This Mexican Print Ad For CLUE Is Super Inappropriate
So last week I was doing some work for my other writing job, which involved looking up pictures from Basic Instinct, the movie that introduced the world to Sharon Stone's vagina, when I came across something that gave me pause - which might be an understatement. This image was one of the first search results, and I frantically looked up to make sure Google's safe search function was on because I thought I'd inadvertently stumbled on child porn or a horribly misguided photography project from someone looking to take those "let's put kids in popular movie set-ups and take cute photos of it for our annual family calendar" scenarios to the next level. Safe search was totally on. I had stumbled upon something very different and somehow more hilariously horrifying.

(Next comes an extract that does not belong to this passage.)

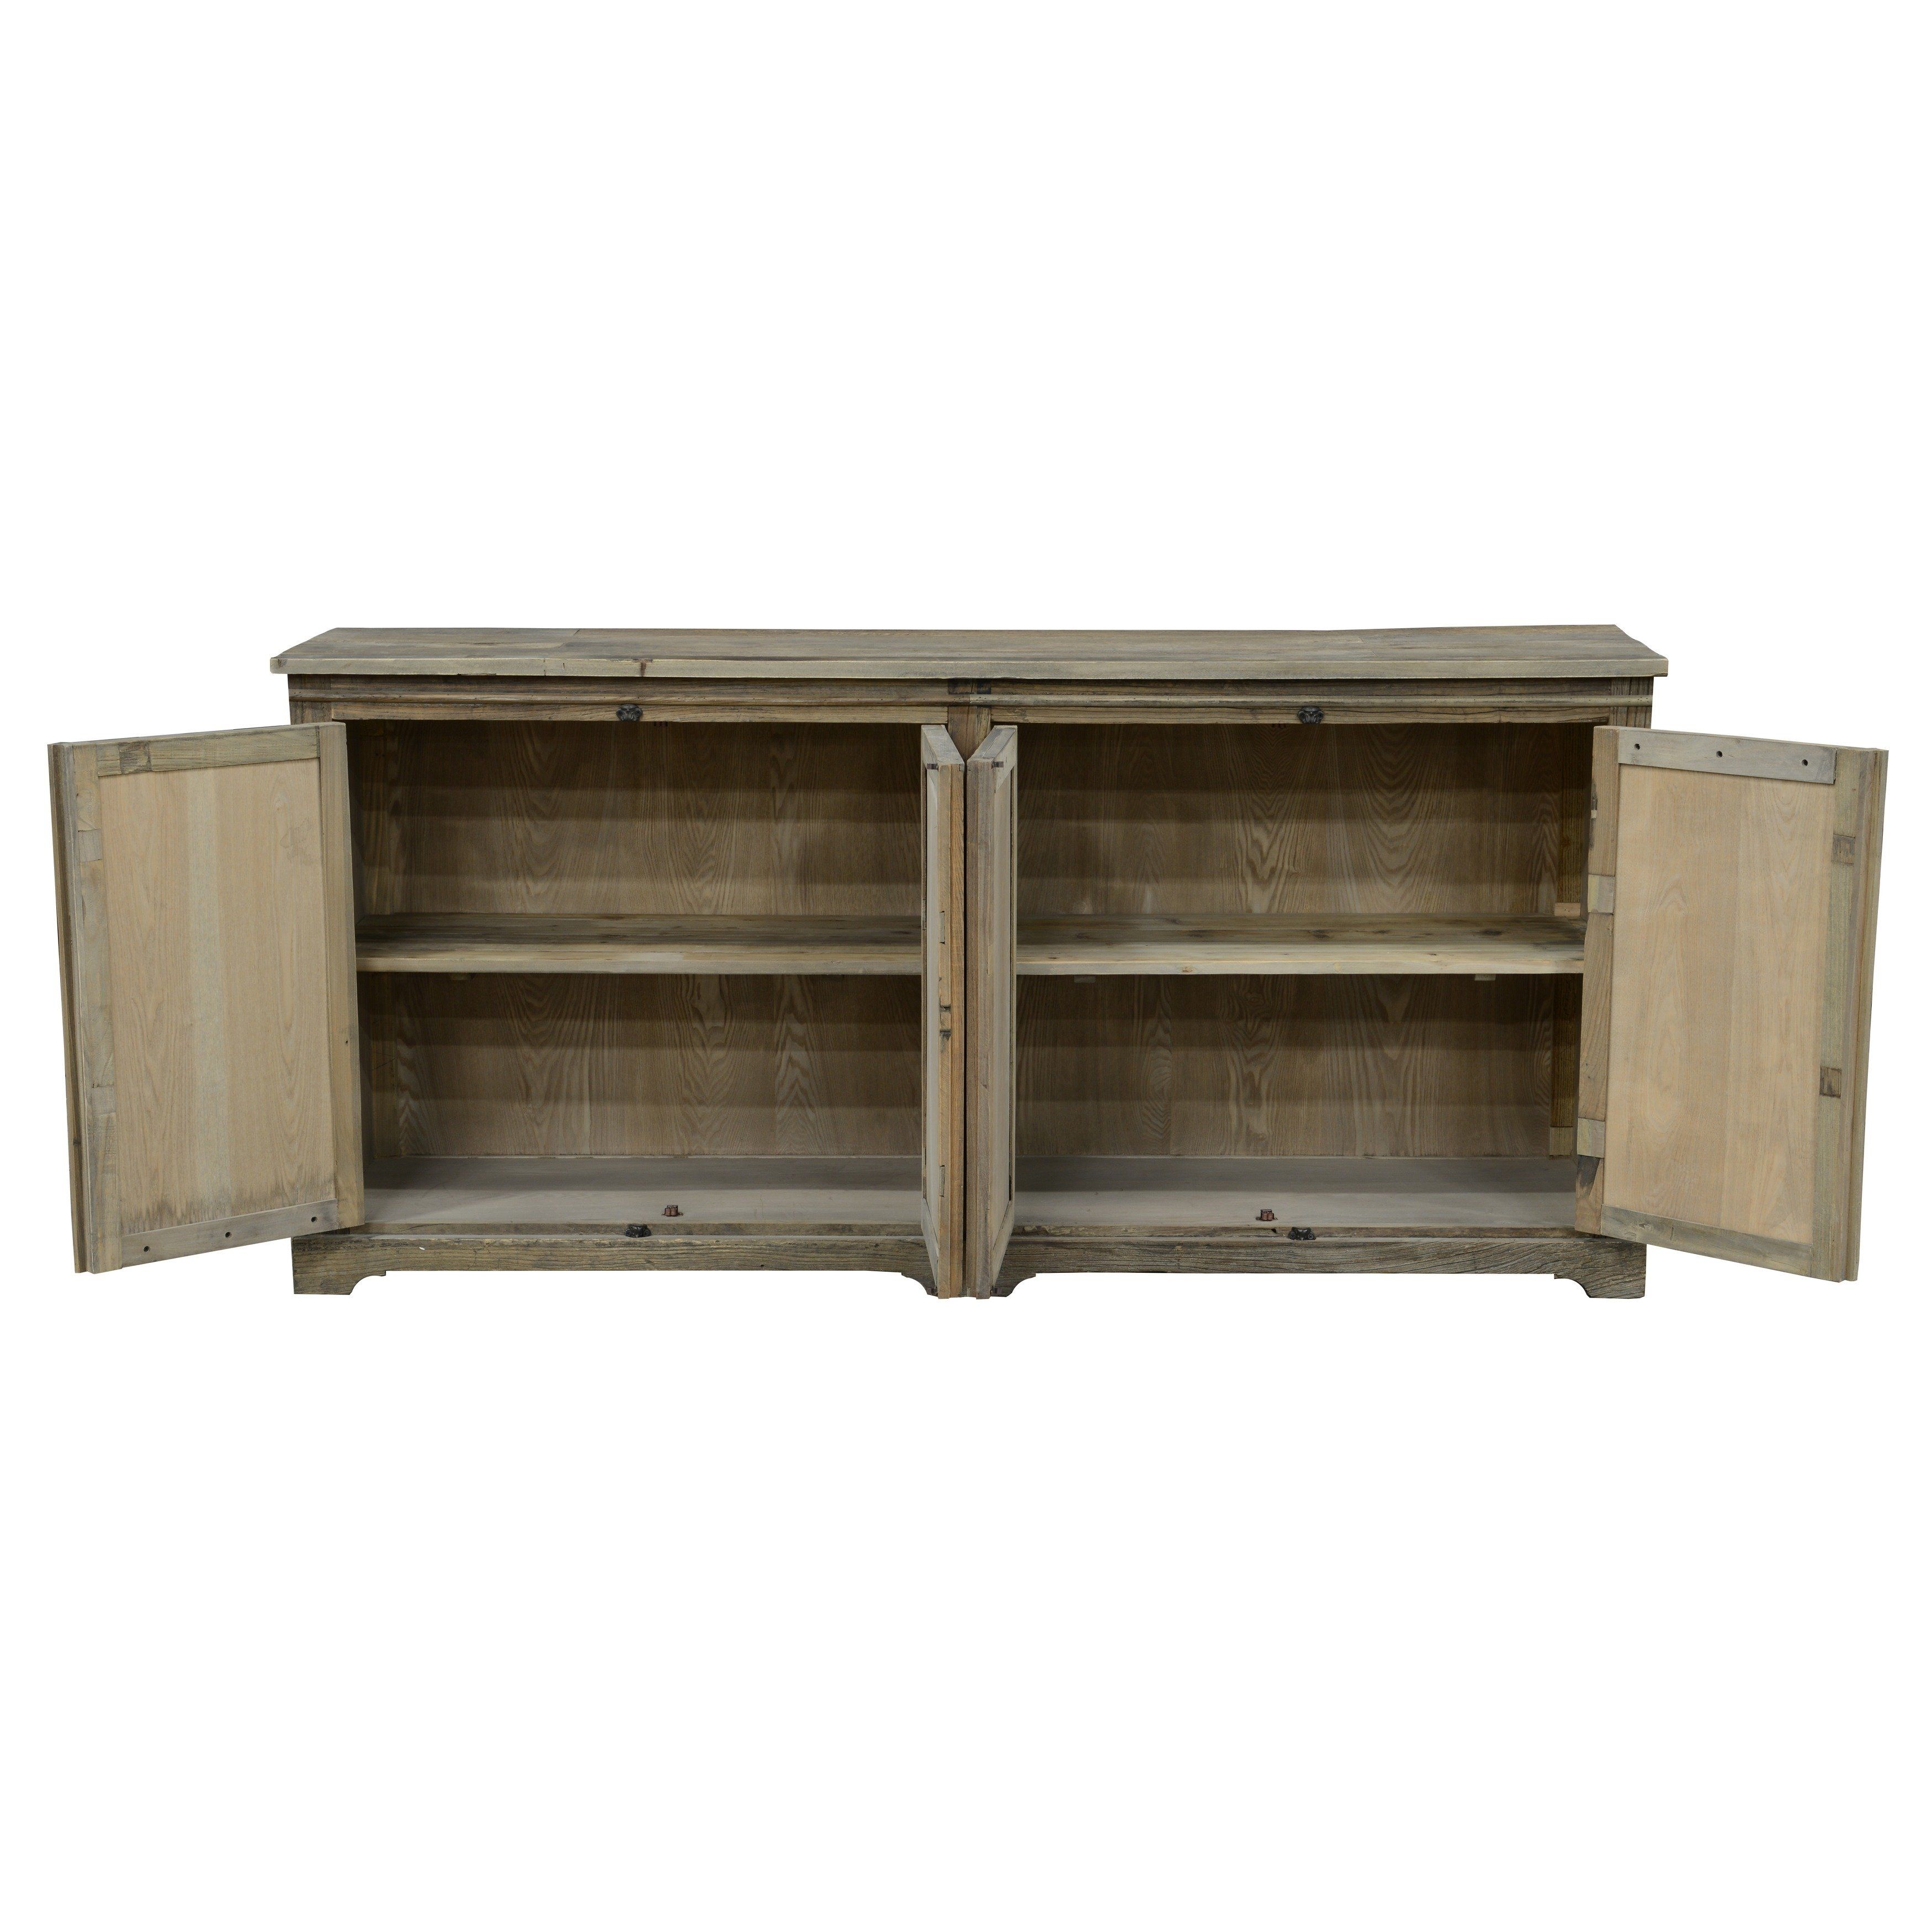 Shop Bradley Reclaimed Wood Mirrored 78 Inch Sideboardkosas Home Intended For Most Recently Released Natural Oak Wood 78 Inch Sideboards (View 9 of 20)

What you see below is an ad for Clue, also traditionally known as Cluedo, the murder mystery whodunit board game for kids. This print ad (along with one mimicking Hannibal Lecter and another made as an homage to The Godfather - though those are slightly less weird) was apparently commissioned by Hasbro, the company who makes and distributes Clue, but these ads weren't released in the U.S., where they likely would have caused a bit of a stir. These were released in print in Mexico in November of 2010.
The one above is by far the most insanely misguided and wrong-headed of the few, inspired by Basic Instinct and placing a young girl in Sharon Stone's role, same white outfit and icy blonde up-do, her body airbrushed to infinity and beyond so her little pre-pubescent legs look as hairless and shiny as a grown woman on the cover of Playboy. No little girl's legs look like this! They shouldn't even be shaving yet! Or sitting in a chair emulating Sharon Stone in Basic Instinct with some weird "I know something you don't know so come over here and find out" stare. It's super gross and inappropriate and weird.
Also, what does Basic Instinct even have to do with Clue? They're both murder mysteries, but the similarities stop there. I don't know how kids are playing Clue these days, or if it's some crazy mash-up of Clue and "doctor," but that is not how we played Clue in my house.